Segment Start: Excerpted records

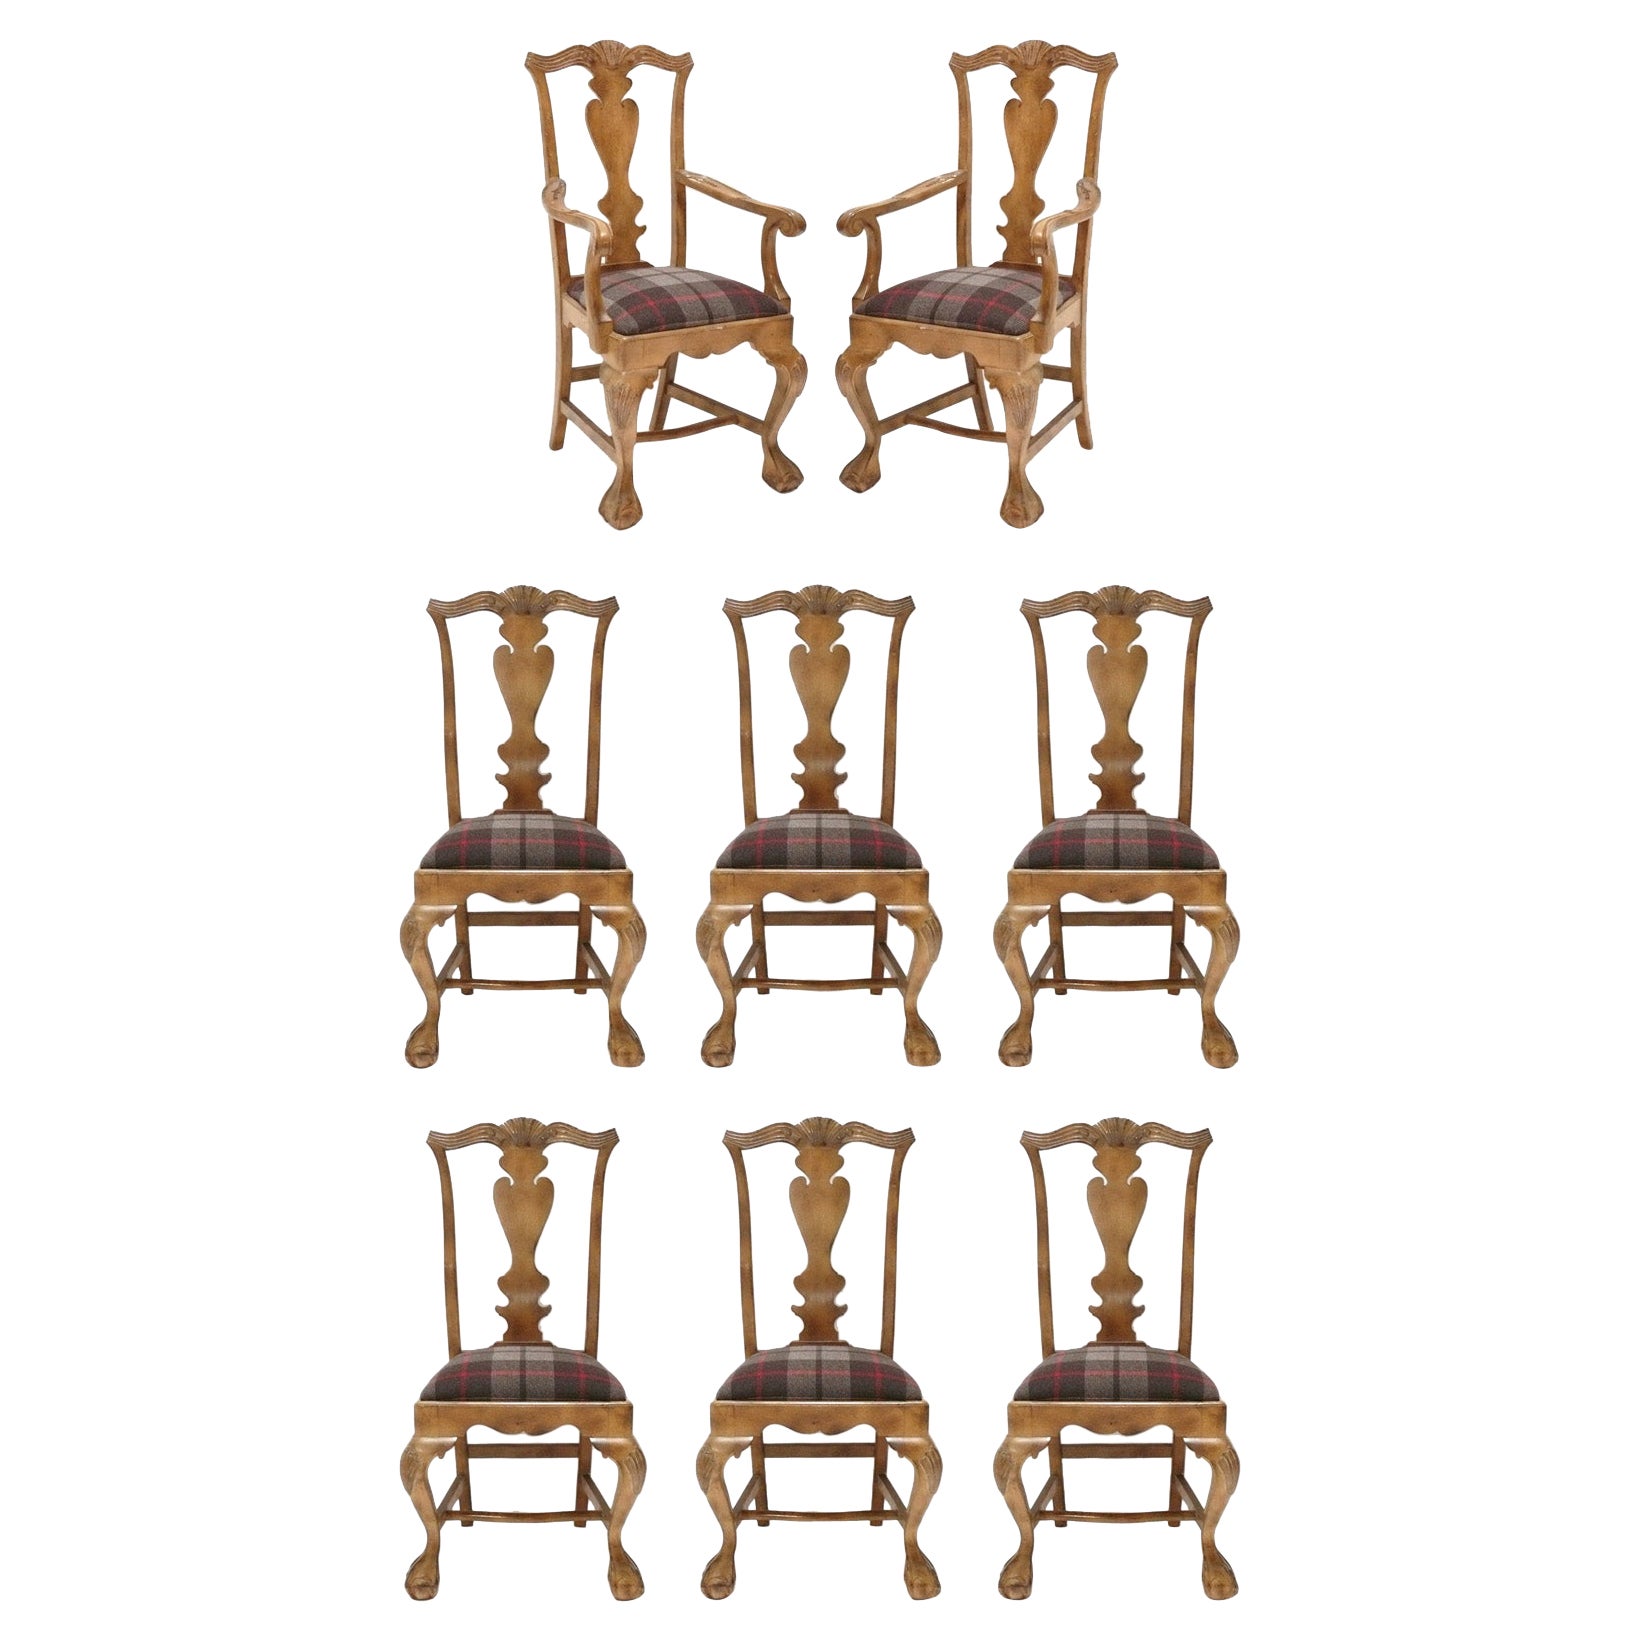 Ensemble de huit chaises de salle à manger françaises achetées chez Ralph Lauren
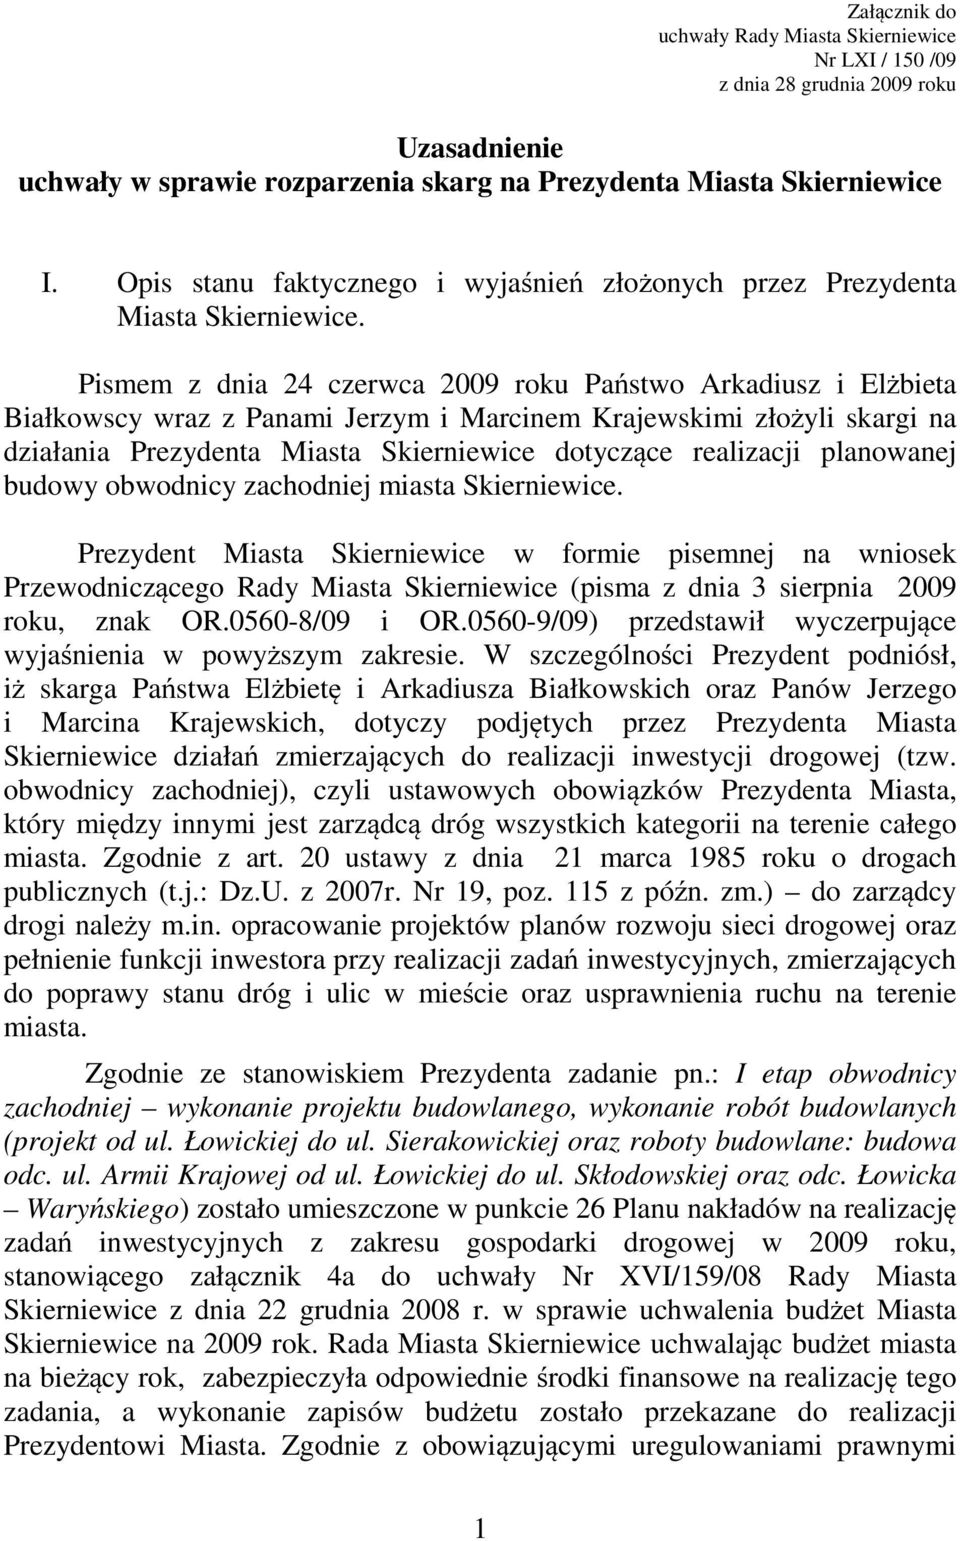 Pismem z dnia 24 czerwca 2009 roku Państwo Arkadiusz i Elżbieta Białkowscy wraz z Panami Jerzym i Marcinem Krajewskimi złożyli skargi na działania Prezydenta Miasta Skierniewice dotyczące realizacji
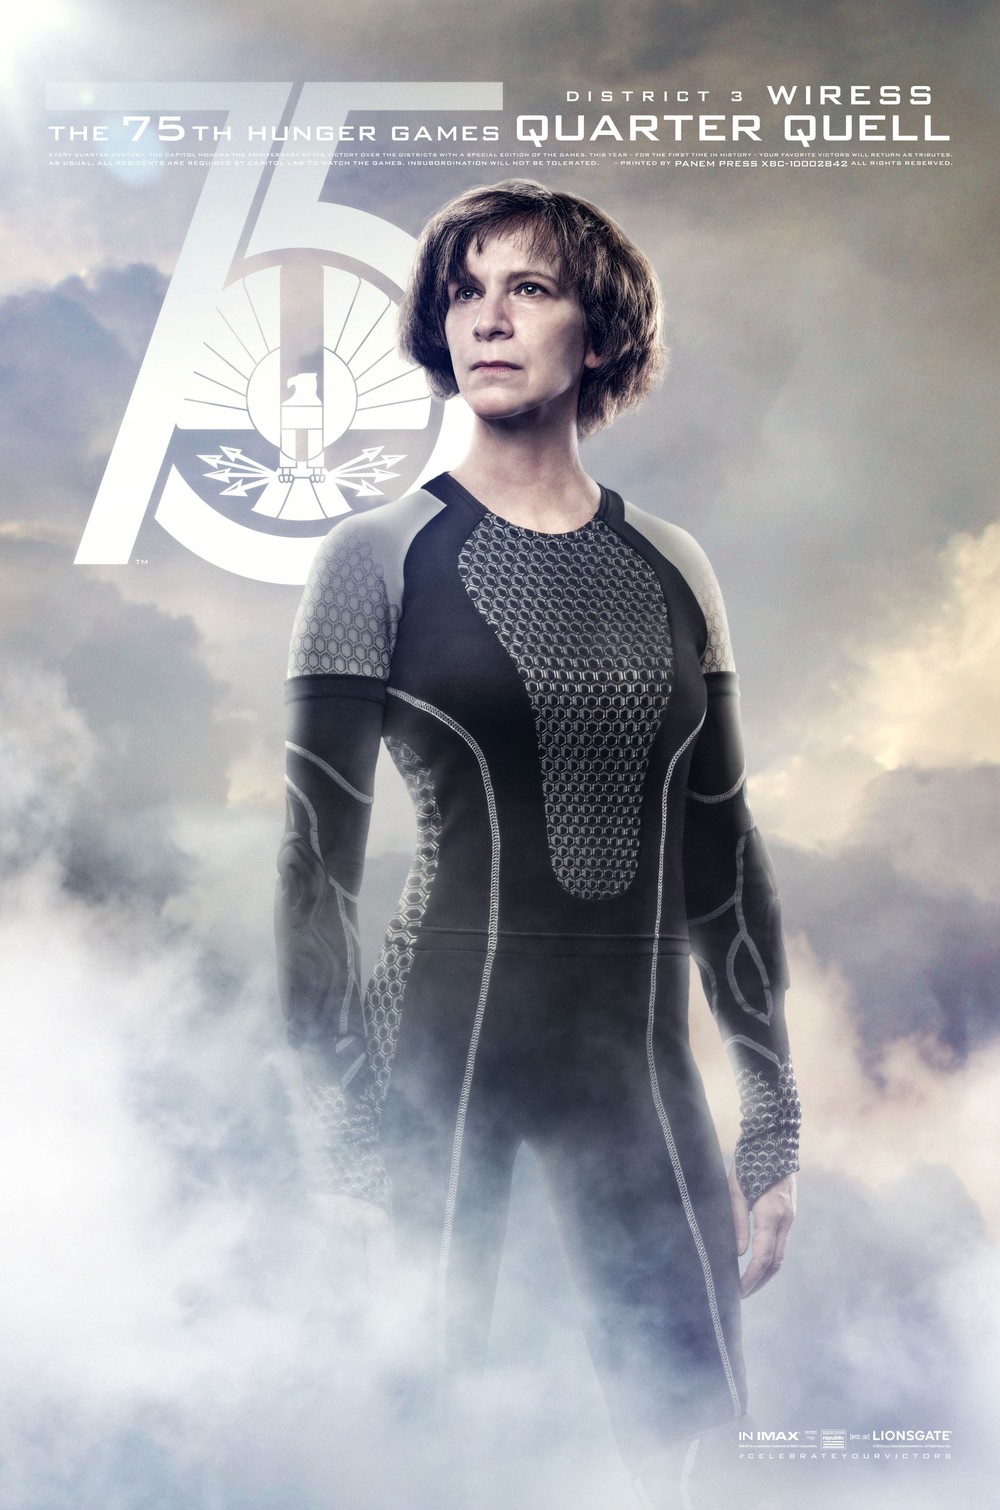 The Hunger Games: Catching Fire DVD Release Date | Redbox, Netflix
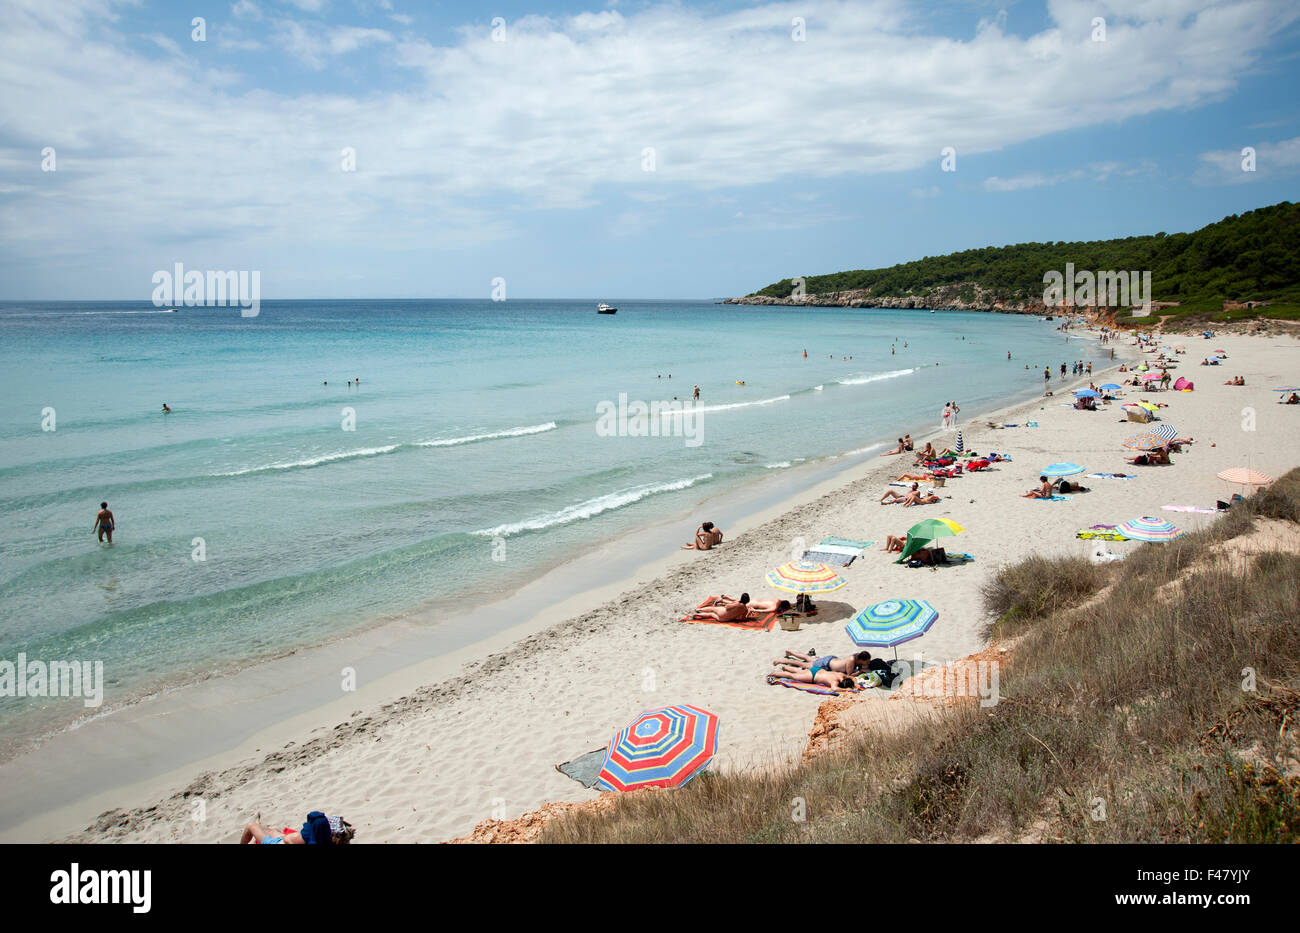 Les touristes se faire bronzer et nager à la belle plage de sable de Binigaus sur l'île de Minorque espagne Banque D'Images
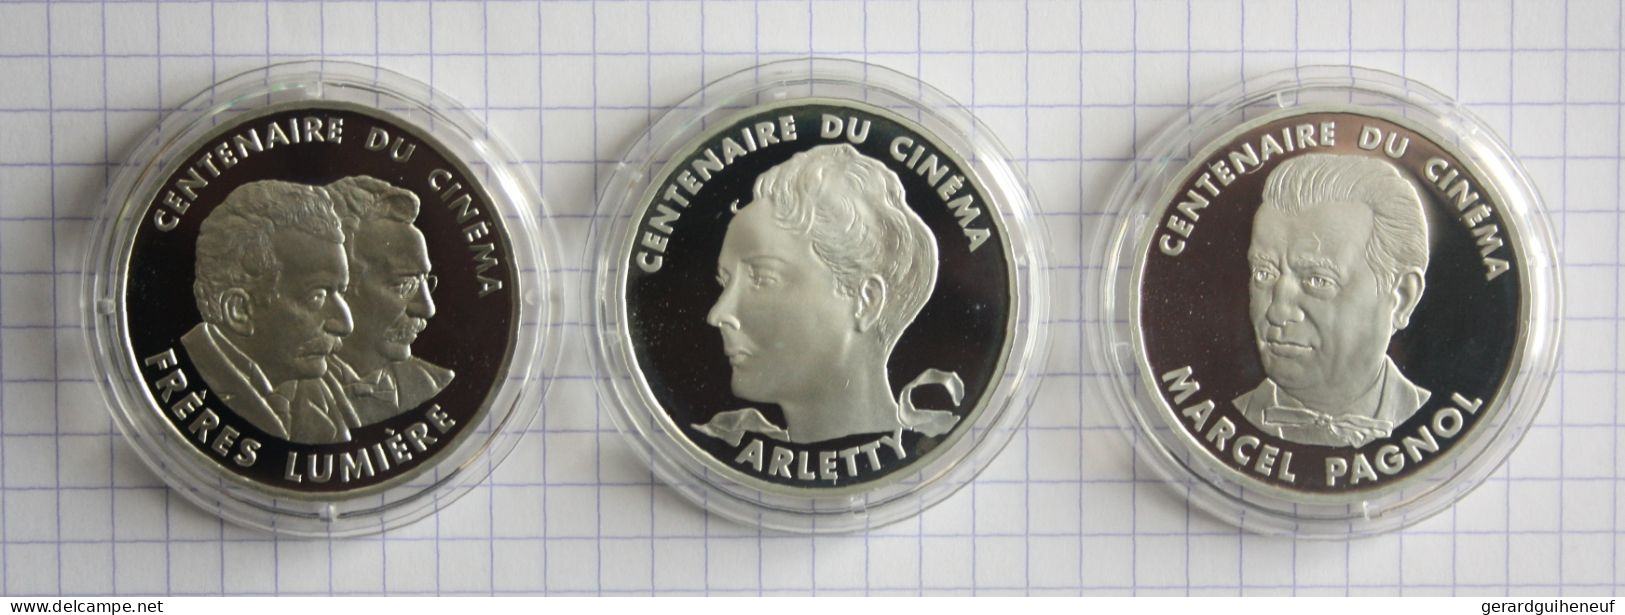 FRANCE : 3 Monnaies 100 Francs ARGENT En Qualité FDC - Cotation : 97 Euros - Lots & Kiloware - Coins

Segment End: Excerpted records

■ Try it:
Beginning at the line containing "Pismem z dnia", restate every line through the end of the material above exactly; omit the pictures.

■ Solution to this problem:
 Pismem z dnia 24 czerwca 2009 roku Państwo Arkadiusz i Elżbieta Białkowscy wraz z Panami Jerzym i Marcinem Krajewskimi złożyli skargi na działania Prezydenta Miasta Skierniewice dotyczące realizacji
 The Hunger Games: Catching Fire DVD Release Date | Redbox, Netflix
 Les touristes se faire bronzer et nager à la belle plage de sable de Binigaus sur l'île de Minorque espagne Banque D'Images
 FRANCE : 3 Monnaies 100 Francs ARGENT En Qualité FDC - Cotation : 97 Euros - Lots & Kiloware - Coins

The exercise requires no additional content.